For a long time, I've been recasting financial issues as issues of power and freedom. If Jesse is correct, we are reaching a turning point in the battle. I hope we may soon say, as Churchill said of El Alamein, "A bright gleam has caught the helmets of our soldiers and warmed and cheered all our hearts." It would be worth the blood, toil, tears and sweat.

Saturday, January 12, 2008

Debt and slavery

Doug Noland sees the debt crisis spreading to the corporate sector; David Jensen writes a letter to the Governor of the Bank of Canada, including very telling graphs of mounting debt and the bubble in the financial markets; Michael Panzner discusses a piece from the Financial Times on the threat of a downgrade of America's historic AAA credit rating, and refers to the weakening of the USA's military pre-eminence; Sol Palha worries about the acquisition of Western assets by sovereign wealth funds ("Slowly but surely America and Europe are going to be owned by foreigners. The irony is that Congress is trying to keep immigrants out of this country but right in front of their eyes foreigners are slowly gobbling up huge chunks of this country.").

All this leads me to Jeffrey Nyquist's grim, but compelling latest piece. He despairs of the irrelevance of mainstream political discussion, especially as the polling process rattles on, and paints a far greater picture. I think you should read it all, but here are a few extracts:

What is happening in the news today, what is happening in the markets and in the banking system, has profound strategic implications... There are no invulnerable countries... If a government does not see ahead, make defensive preparations, establish a dialogue with citizens, lead the way to awareness and responsibility, then the nation stumbles into the next world war unarmed and psychologically unprepared.

Even worse, today's politics has become a politics of "divide and conquer" in which one constituency is played off against another: poor against rich, non-white against white, the secular against the religious. Before a positive outcome is possible, we must have unity and we must have reality.

It's more comfortable to ignore the crying of Cassandra, but maybe Nyquist is like Churchill in the pre-WWII political wilderness, trying to prepare us for the next conflict. We in Britain only just made it, and how we have paid for that struggle ever since.

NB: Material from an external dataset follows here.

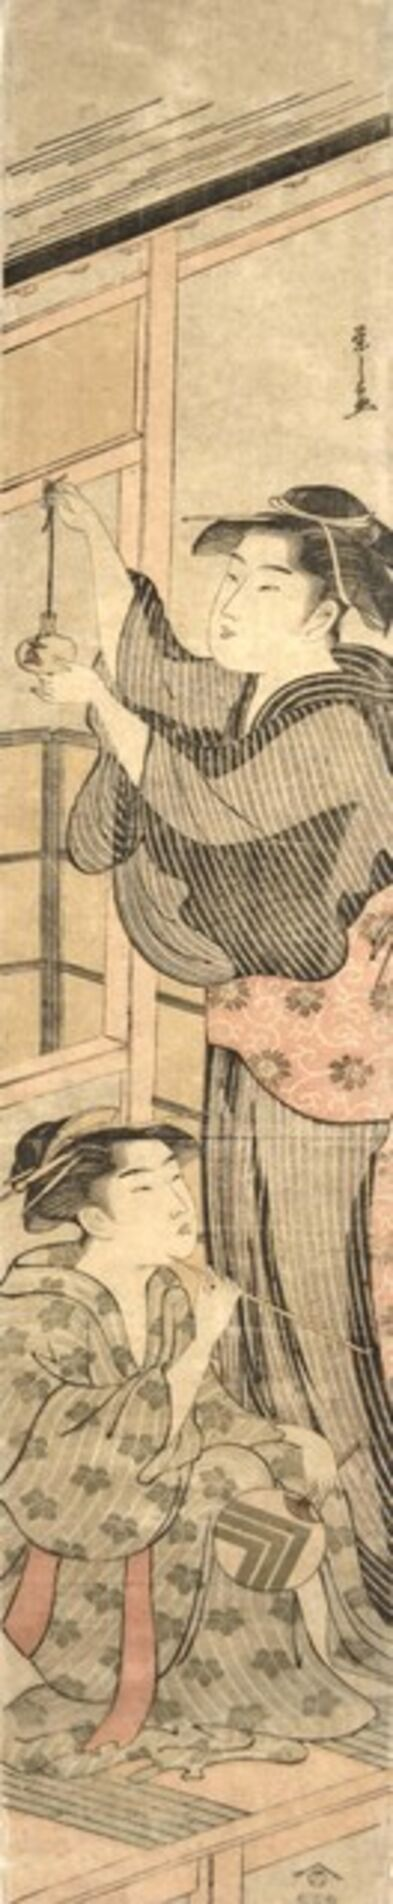 Hosoda Eishi, 'Bijin in a Summer Kimono Holding a Goldfish Bowl', ca. 1790

But it was a price worth paying. History would have been very different, and very horrible I am sure, if Churchill had listened to some in his Cabinet in 1940 who advised him to make a deal with the Nazis. He said, “If this long island story of ours is to end at last, let it end only when each one of us lies choking in his own blood upon the ground.” It's a line that even now has tears pricking my eyes. The appeasers were silenced by the sound of deeply-moved men banging their fists on the Cabinet table in agreement and applause.

My worry is that I don't see men of that calibre now. As Lord Acton said in a letter to a bishop, "Power corrupts, and absolute power corrupts absolutely". Commenting on the House of Commons after the Great War, Stanley Baldwin remarked on the presence of "A lot of hard-faced men who look as if they had done very well out of the war". Today, the faces are softer, the hair expensively dressed, the manner relaxed and affable, but behind it all one senses cold-hearted, selfish betrayal. To be charitable, it may be that our leaders and ex-leaders don't fully realize the negative consequences of all their deals, compromises and consultancies.

As our reckless debt is progessively converted into ownership, we may find out how much we took our freedom for granted. It's a lot harder to get back.

The Bible has something to say on this, too (and no, I'm not a preacher, this is to show that the issues endure throughout history): Leviticus, Chapter 25 deals with debt, buying and redeeming slaves, and how the chosen people should be treated differently from the heathens - for the latter, enslavement is perpetual.